II · The architecture

The 90/10: a hull and a sail

The method separates two pockets with radically different behaviour:

90 — The Fortress

The bedrock of serenity. A prudent mix whose components have historically delivered, over the long run, an order of magnitude of 4 to 6 % per year. It's the hull: it takes the swell.

10 — The Pleasure Cape

The auxiliary sail. Small, framed, bound by a contract of responsible behaviour. A budget for learning and enjoyment, never an engine of wealth.

III · The Fortress, real numbers

What the bedrock truly yields

None of the figures below is a promise. They are data observed in spring 2026, in ranges, with public sources.

InstrumentRecent observedRisk
Euro funds~2.6 %Capital protected, eroded if inflation > yield
Money-market (€STR)~1.9 %Low, tracks short ECB rates
IG euro bonds~3.6 %Rate, credit, liquidity
World equity ETF~8–11 %/yr*Volatile: 30–50 % drops possible

*long-run average, with real volatility of 13–16 %/yr. Sources: ACPR, ECB, MSCI, iShares, Cboe.
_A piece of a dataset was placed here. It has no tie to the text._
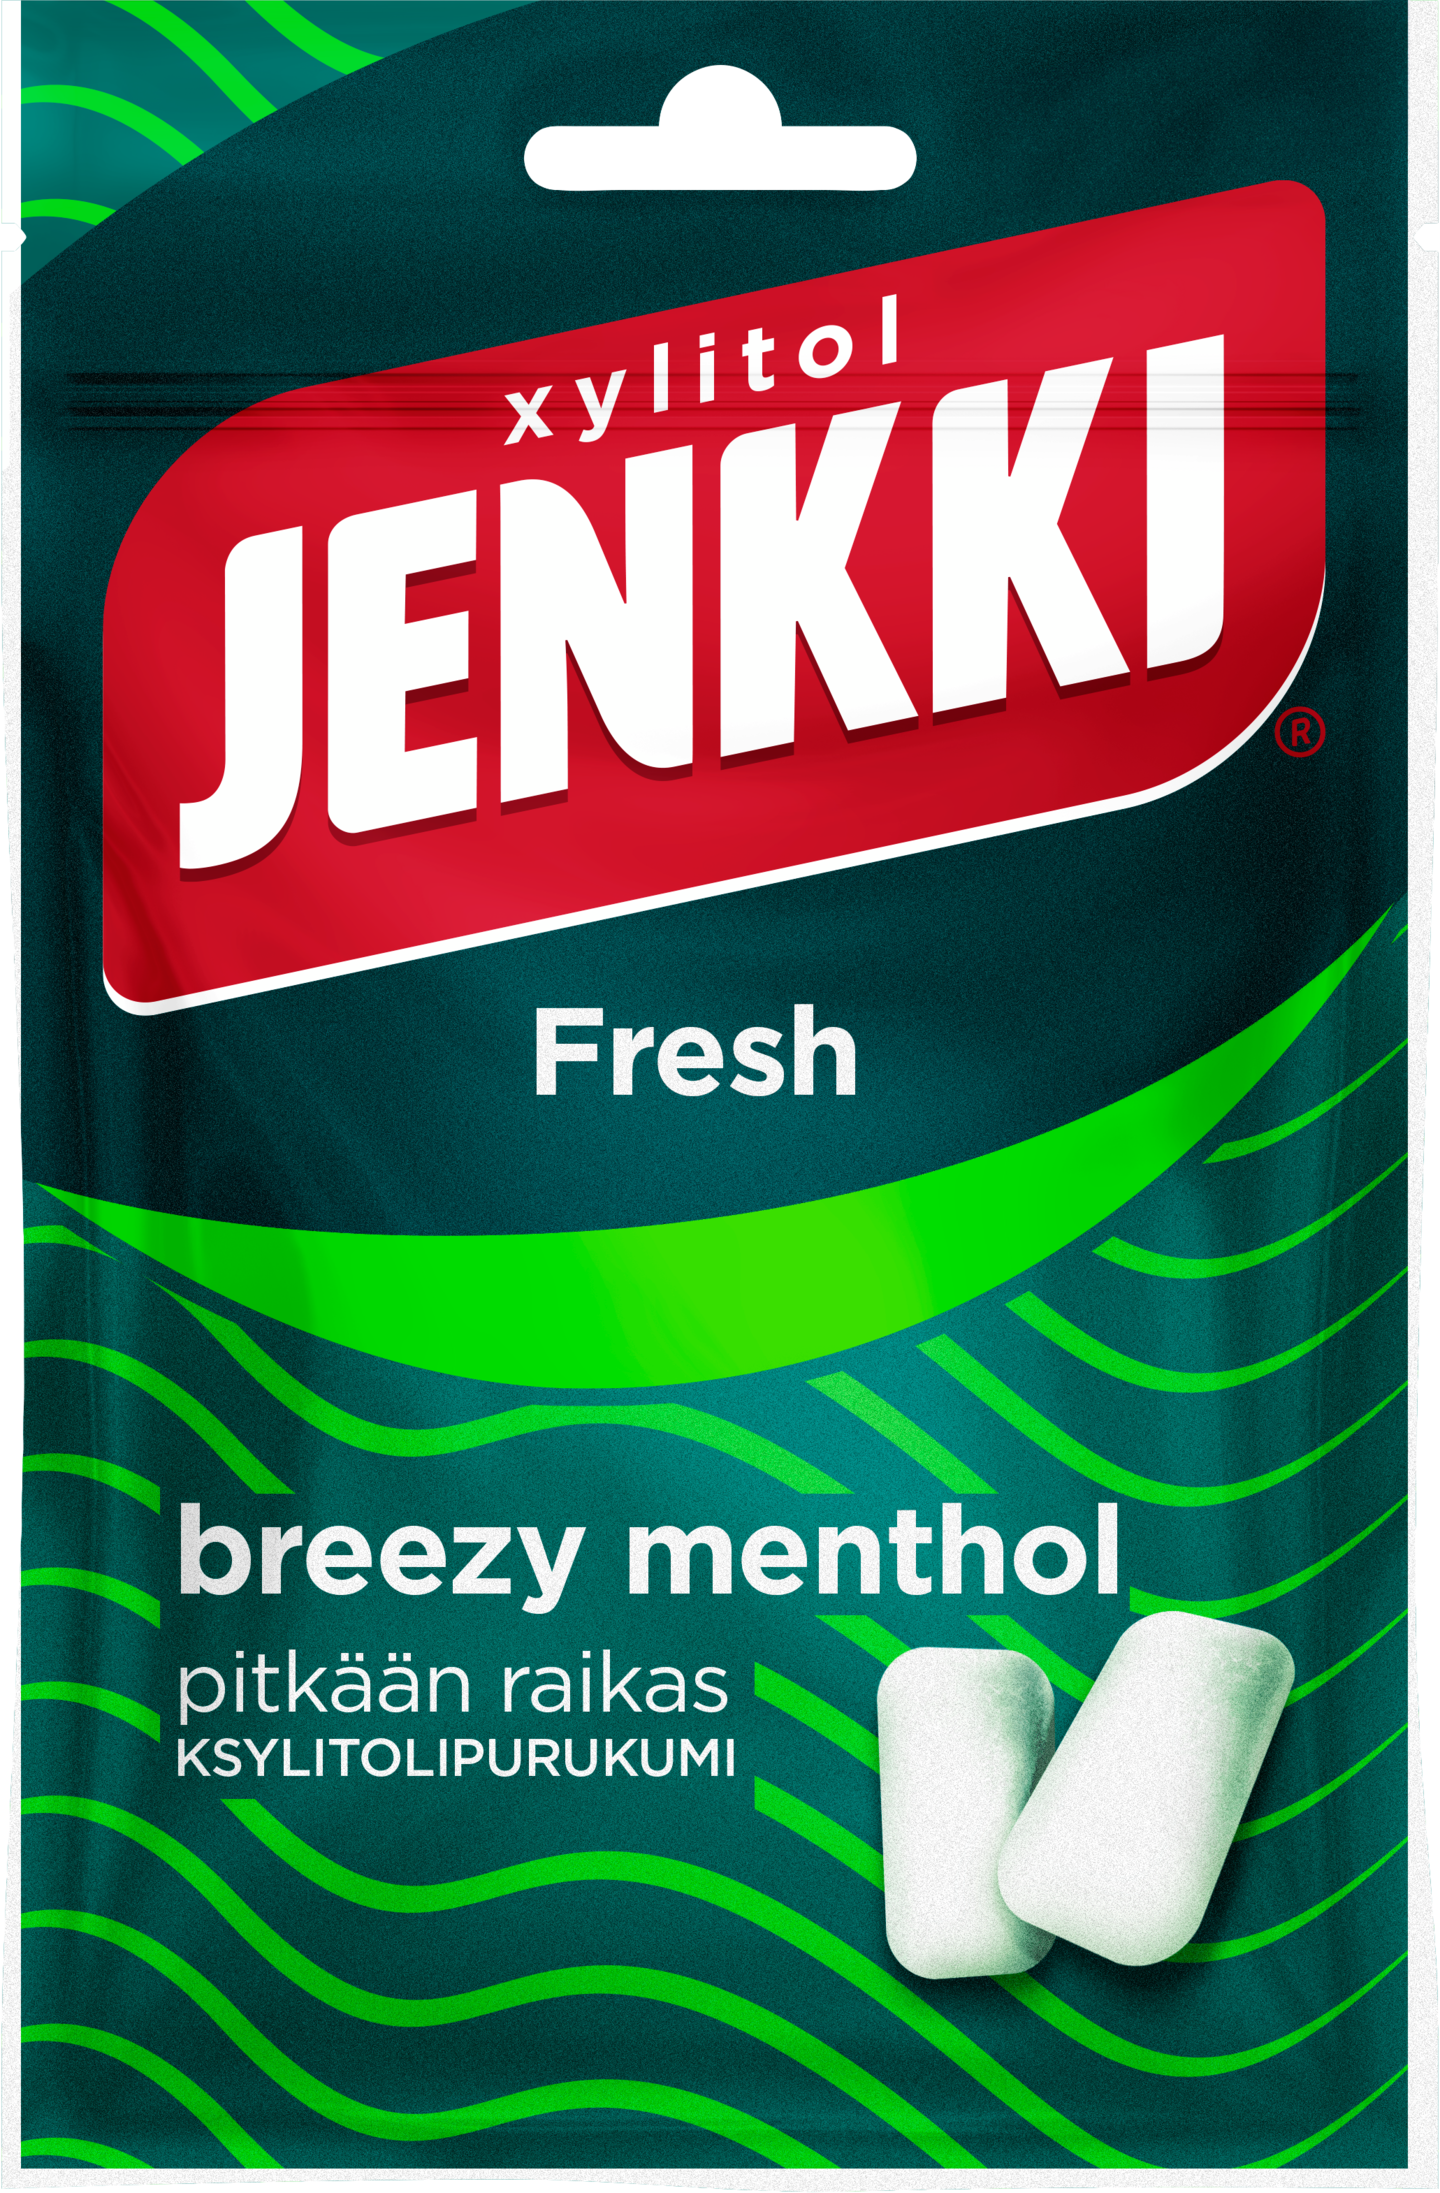 Jenkki Fresh ksylitolipurukumi 35g Breezy Menthol

⚠ No available product guarantees a minimum of 4 % or more. When the risk-free rate sits at 2–3.7 %, guaranteeing more would mean hidden risk. The "4–6 %" is the order of magnitude of a prudent-to-dynamic mix over the long run — never a contractual floor.

IV · The goal simulator

Project your course, in three scenarios

Choose a goal and a horizon, or a monthly amount and a goal. The method never shows a single figure: always three scenarios (prudent, median, optimistic) and a ±10 % margin.

Scenarios: prudent 3 % · median 4.5 % · optimistic 6 % (recalibrated to the market). The effect is slow in year one, powerful over 10–20 years.
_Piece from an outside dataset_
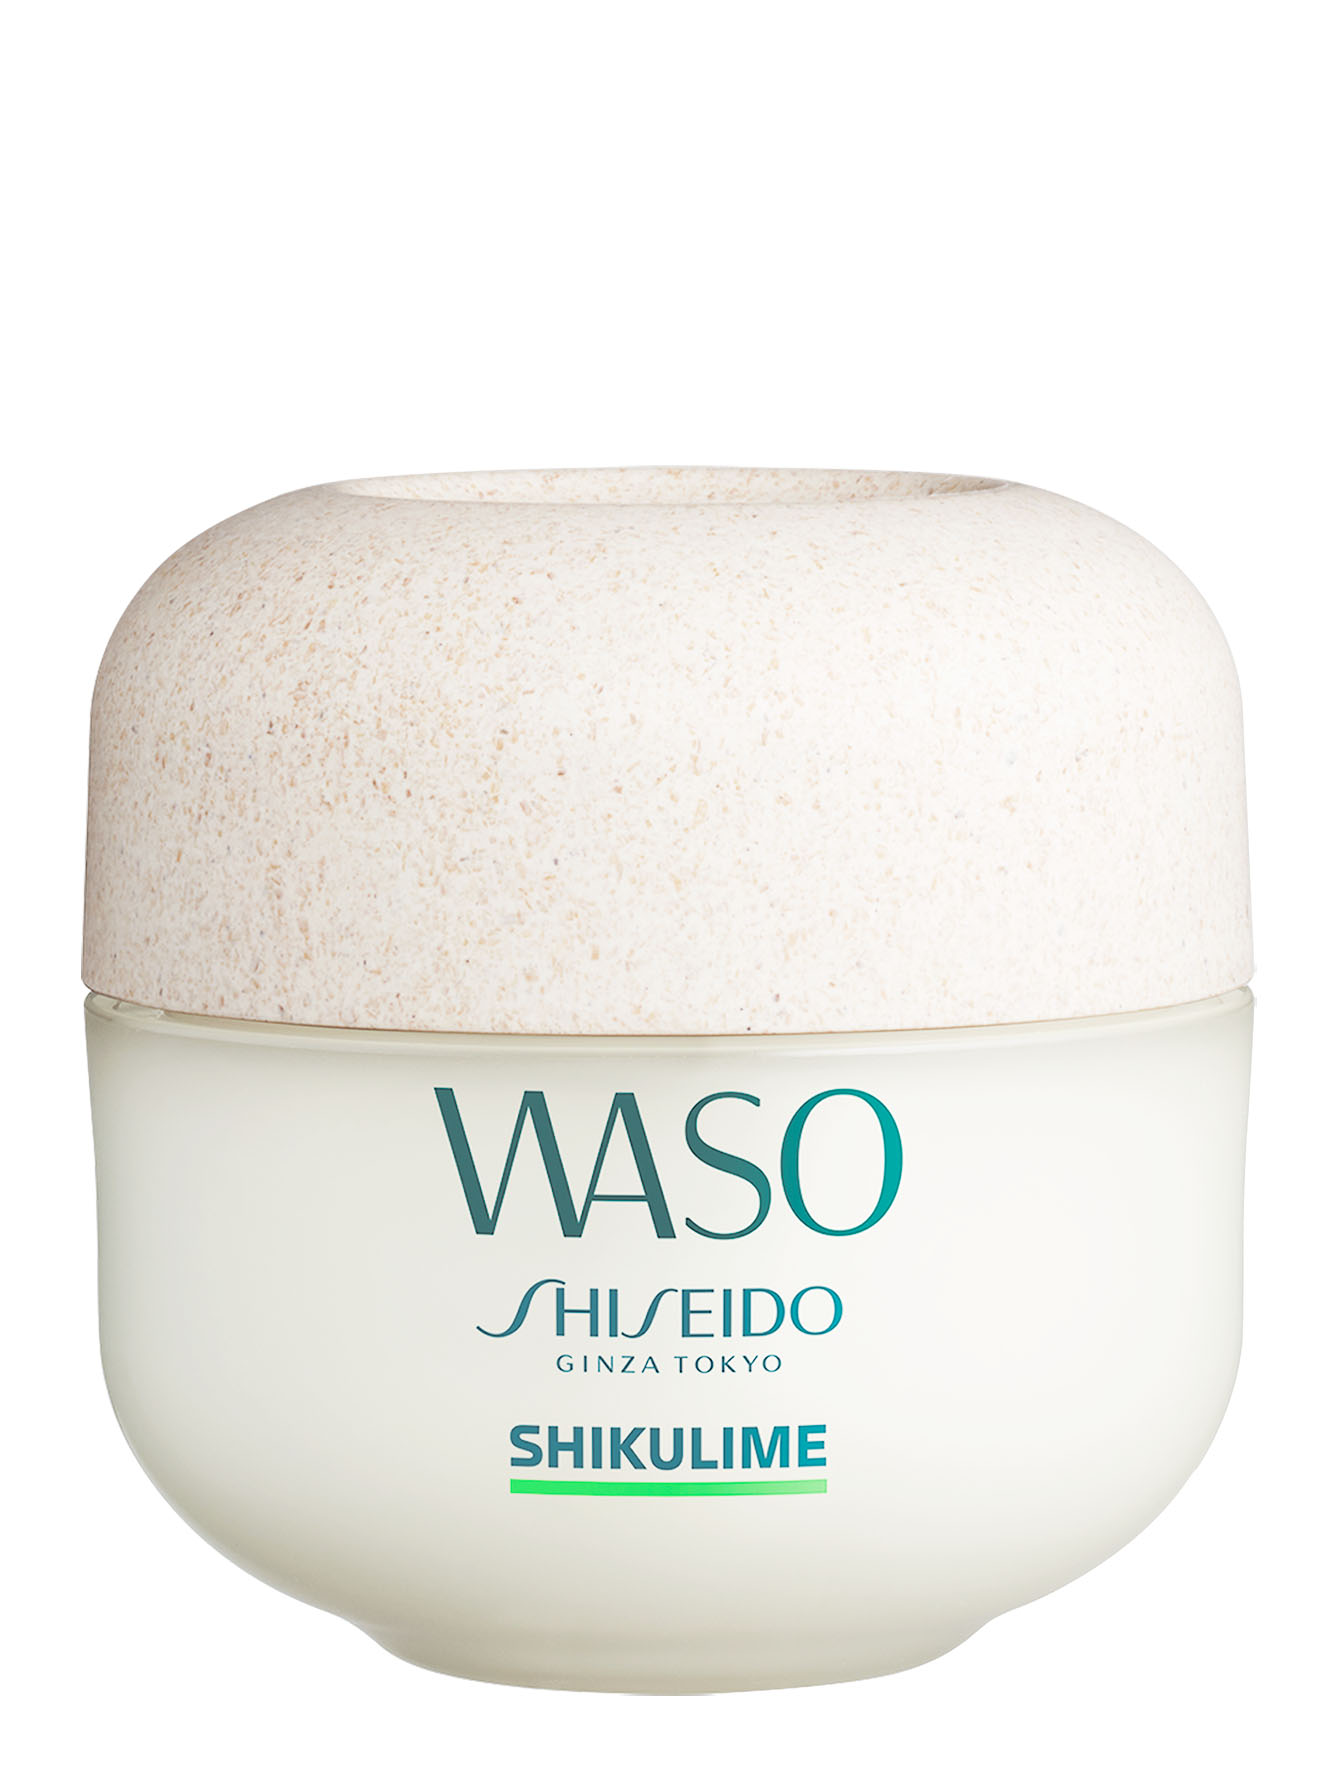 Shiseido shikulime. Shiseido ночная восстанавливающая маска Waso Yuzu-c. Крем Waso shikulime. Shiseido Waso маска. Крем Shiseido Waso.

V · The Pleasure Cape, under guardrails

Sailing without capsizing

The 10 pocket follows non-negotiable rules, drawn from mathematics (Kelly) and experience:

Size it the fractional-Kelly way

Bet a small fraction of capital, proportional to the real edge. After a loss, the bet shrinks automatically — never the opposite.

Spread across several names

Splitting the pocket over ~5 positions rather than one reduces the spread of outcomes at no cost to return. The only prudence that doesn't cost.

The disciplined stop — and its limits

A maximum loss set in advance, respected. ⚠ A stop slips in reality: on an opening gap, you exit lower than planned. It cuts the expected loss, not the maximum loss.

Three absolute bans

Never average down. Never buy back the same day to recover (that's a martingale, a path to ruin). Never increase the bet to catch up.

VI · What the real data says

The truth of the backtest

Over 5 years of real prices and thousands of simulations, three robust findings — and one warning.

1. Diversification wins. Spreading over 5 names instead of one clearly narrows the gap between best and worst case.

2. The small pocket optimises risk. A 90/10 offers the best risk-adjusted return; loading the risk pocket raises drawdowns faster than gains.

3. Holding beats tinkering. A rule that enters and exits at the "right moment" did worse than simply holding — while taking more risk.

⚠ What we will never do: present the best past results as an expected return. The past of a basket chosen after the fact, over a favourable window, does not repeat. Backtest figures are not a promise — they help understand a structure, not sell a future.

On the right window, the same basket returns +66 % or −17 % depending on the entry week. Perfect timing can't be found. Duration and discipline can.